This uses [the simplified high-level interface](#jsonhigh) built on top of the [more powerful low-level core](#jsonlow).

## Features

* Simple and minimal
* Dependency-free
* [Runtime-independent](#runtime-independent)
* [Lossless](#lossless)
* [Modular](#modular)
* [Fast](#fast)
* [Streaming-friendly](#streaming-friendly)
* [Optionally standards-compliant](#standards-compliant)
* [Unicode-compatible](#unicode-compatible)

## Runtime-independent

The library logic is written in modern JavaScript and relies upon some of its features, standard modules in particular.

Beyond that it does not use any runtime-specific features and should work in any *modern* JavaScript environment. It was tested in Deno, Node.js, and the browser.

That said, the primary target runtime is Deno, and tests depend on it.

## Lossless

Unlike any other known streaming JSON parser, JsonHilo provides a [low-level](#jsonlow) interface for *lossless* parsing, i.e. it is possible to recover the *exact* input, including whitespace and string escape sequences, from parser events.

This feature can be used to implement accurate translators from JSON to other representations (see [Rationale](#rationale)), syntax highlighters (demo below), JSON scanners that search for substrings in strings on-the-fly, without first loading them into memory, and more.

Highlight demo

Pictured above is the syntax highlighting demo: [demo/highlight.js](demo/highlight.js)

## Modular

The library is highly modular with [a fully independent core](#jsonlow), around which various adapters and extensions are built, including [an easy-to-use high-level interface](#jsonhigh).

## JsonLow

The core module is [**`JsonLow.js`**](JsonLow.js). It has no dependencies, so it can be used on its own. It is very minimal and optimized for maximum performance and accuracy, as well as minimum memory footprint. It provides the most fine-grained control over the parsing process. The events generated by the parser carry enough information to losslessly recreate the input exactly, including whitespace.

See [**JsonLow.d.ts**](JsonLow.d.ts) for type information and [demo/highlight.js](demo/highlight.js) for usage example.

## JsonHigh

[**`JsonHigh.js`**](JsonHigh.js) is the high-level module which provides a more convenient interface. It is composed of auxiliary modules and adapters built around the core. It is optimized for convenience and provides similar functionality and granularity to other streaming parsers, such as [Clarinet](https://github.com/dscape/clarinet) or [creationix/jsonparse](https://github.com/creationix/jsonparse).

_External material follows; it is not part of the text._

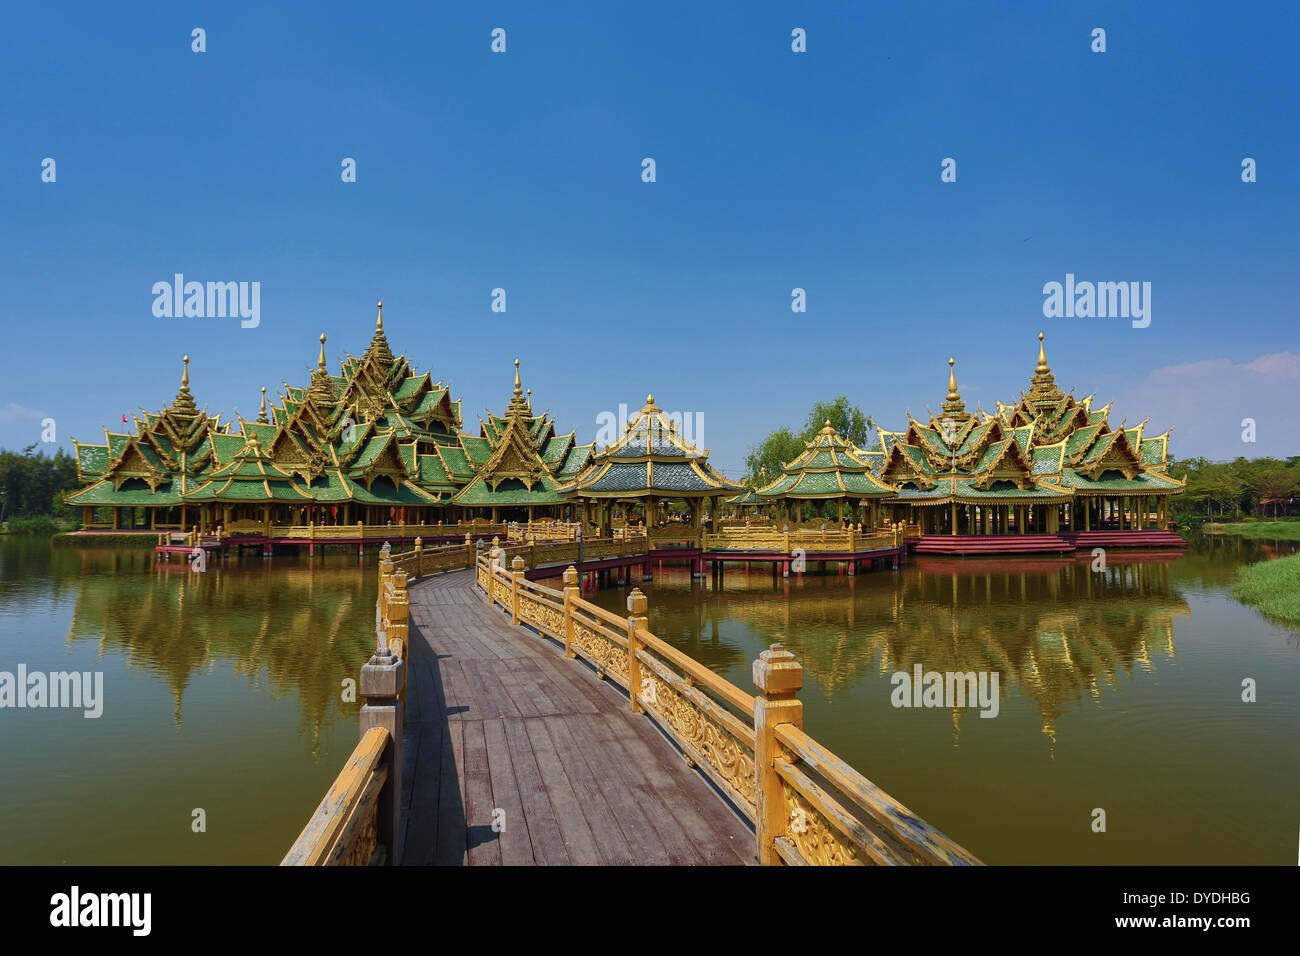 Thailand Asien Bangkok Ancient Siam Park Architektur Brücke bunte Kultur erleuchtet grünen Park Pavillon Reflexion tou Stockfoto

See [**JsonHigh.d.ts**](JsonHigh.d.ts) for type information and [Quickstart](#quickstart) for usage example.

### Parameters

`JsonHigh` is called with an object which contains named event handlers that are invoked during parsing. All handlers are optional and described [below](#events).

### Return value

`JsonHigh` returns a stream object with two methods:

* `chunk` which accepts a JSON chunk to parse. It returns the stream object for chaining.
* `end` with no arguments which signals that the current JSON document is finished. If there is no error, it calls the corresponding `end` event handler, passing its return value to the caller.

### Events

There are 4 event handlers without arguments which indicate start and end of structures:

* `openArray`: an array started (`[`)
* `closeArray`: an array ended (`]`)
* `openObject`: an object started (`{`)
* `closeObject`: an object ended (`}`)

And 2 event handlers with one argument which capture primitives:

* `key`: an object's key ended. The argument of the handler contains the key as a JavaScript string.
* `value`: a primitive JSON value ended. The argument of the event contains the corresponding JavaScript value: `true`, `false`, `null`, a number, or a string.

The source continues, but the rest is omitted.